Tuesday, March 22, 2005

Back with promisory notes and links

I've been away: I went home to help my mother sort through g-father's affects. I could have posted before, but I started to develop elaborate plans for how I would blog the experience of sorting through a dead man's things, and once I develop elaborate plans, it becomes hard to post anything but the big finished product.

Well, in leiu of the full story I wanted to tell, I will give you a list:

6 tuxedoes, including 1 with tails.
4 white linen suits
3 extremely garish smoking jackets
2 full length men's fur coats, one new and one from the era when men who weren't pimps wore fur.
6 sear sucker suits.
1 box marked "ties, wide"
1 box marked "ties, narrow"
1 jillion Hawiian shirts
1 skidillion indonesian-style shirts
1 pair of bright green suit pants with little whales on them.

I promise pictures to come. I also promise to follow through on the tractatus comics.

Also of note:

Campus politics
The Nation has articles on the right's assult on liberal professors. This is an overview, this addresses the way Horowitz et al are turning the left's tools against us, and this deals with the situation at Columbia.

Good quote from the lead article

Mumper's comments to the press illustrate how unprepared he was for attention. He explained to the Columbus Dispatch that "80 percent or so" of professors "are Democrats, liberals or socialists or card-carrying Communists," as if for a moment he forgot what decade he lived in.

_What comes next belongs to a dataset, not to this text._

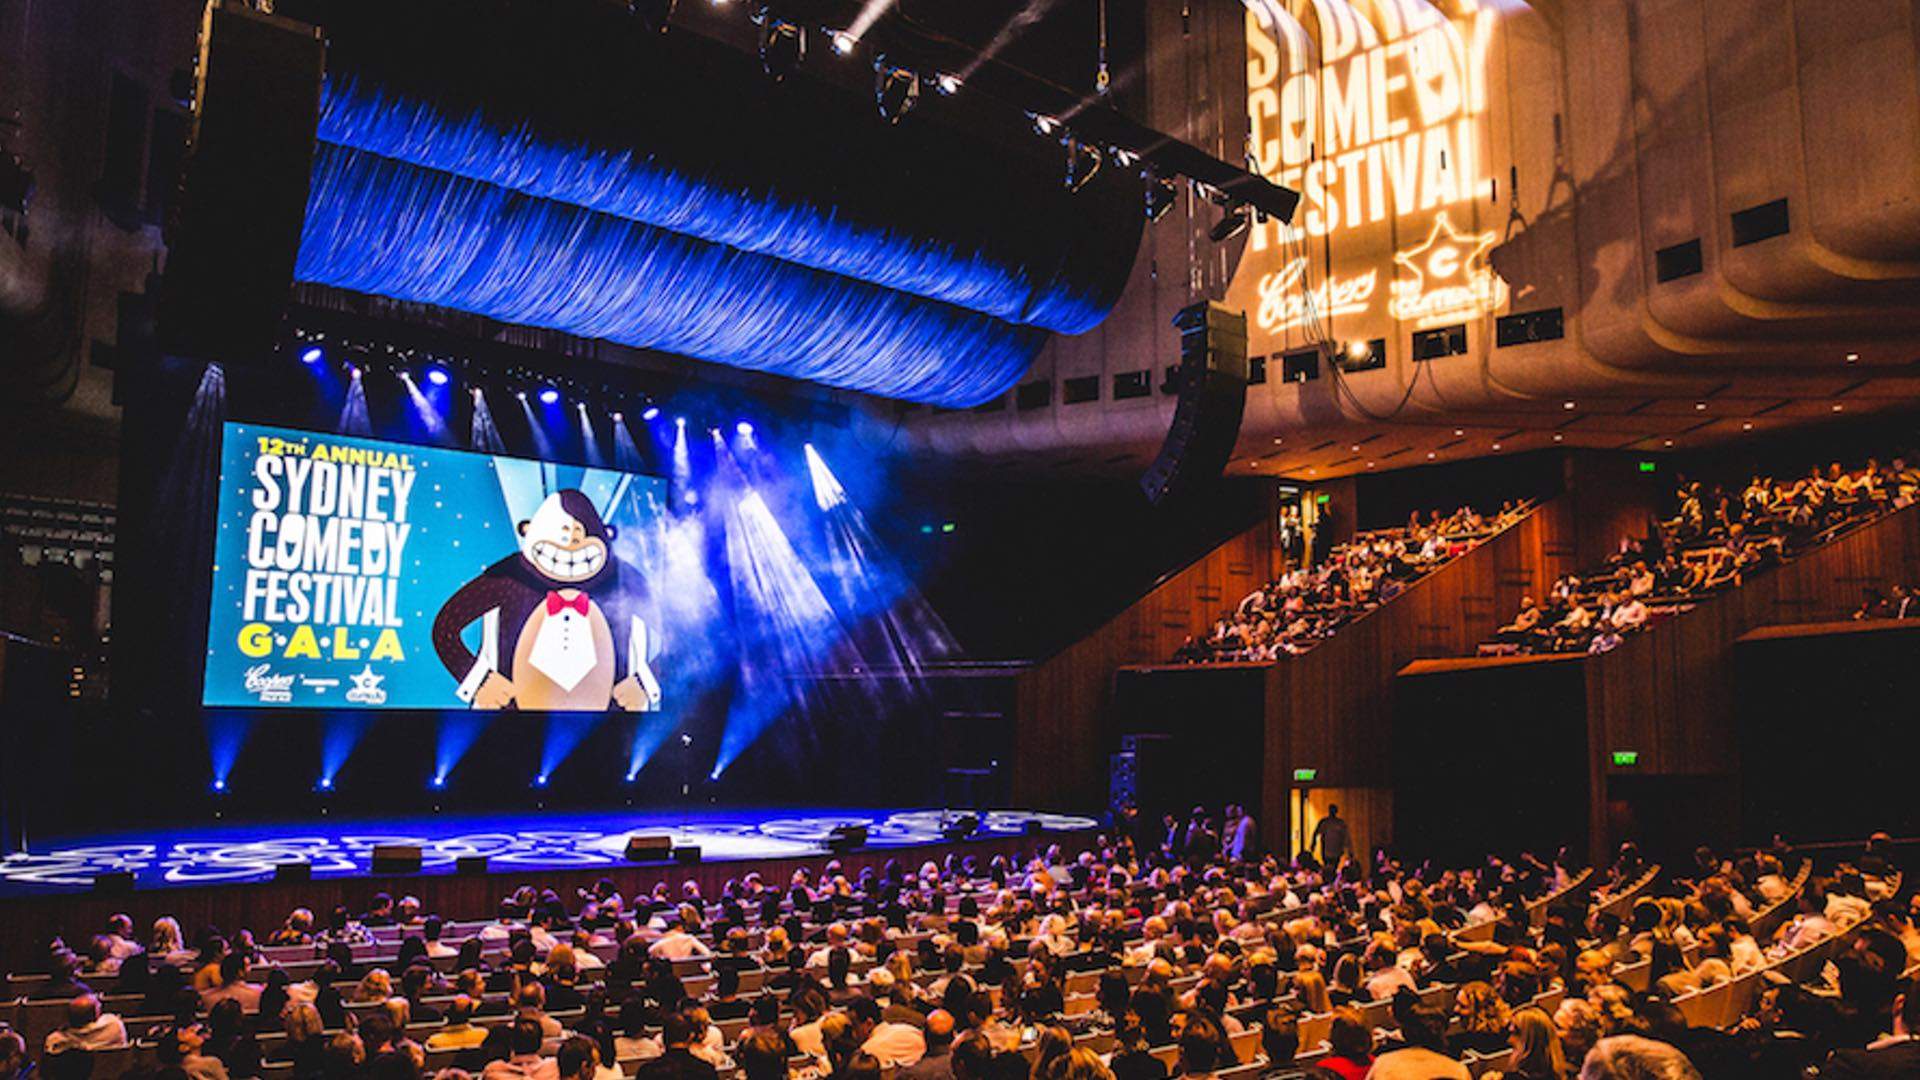 Sydney Comedy Festival 2018

When a journalist asked him if he had ever met a communist, Mumper explained the term was a euphemism for "people who try to over-regulate and try to bring in a lot of issues we don't agree with." At the same time, he admitted that "we're going to put in some ways to monitor classrooms" to enforce the academic bill of rights. The irony of this was noted by numerous commentators.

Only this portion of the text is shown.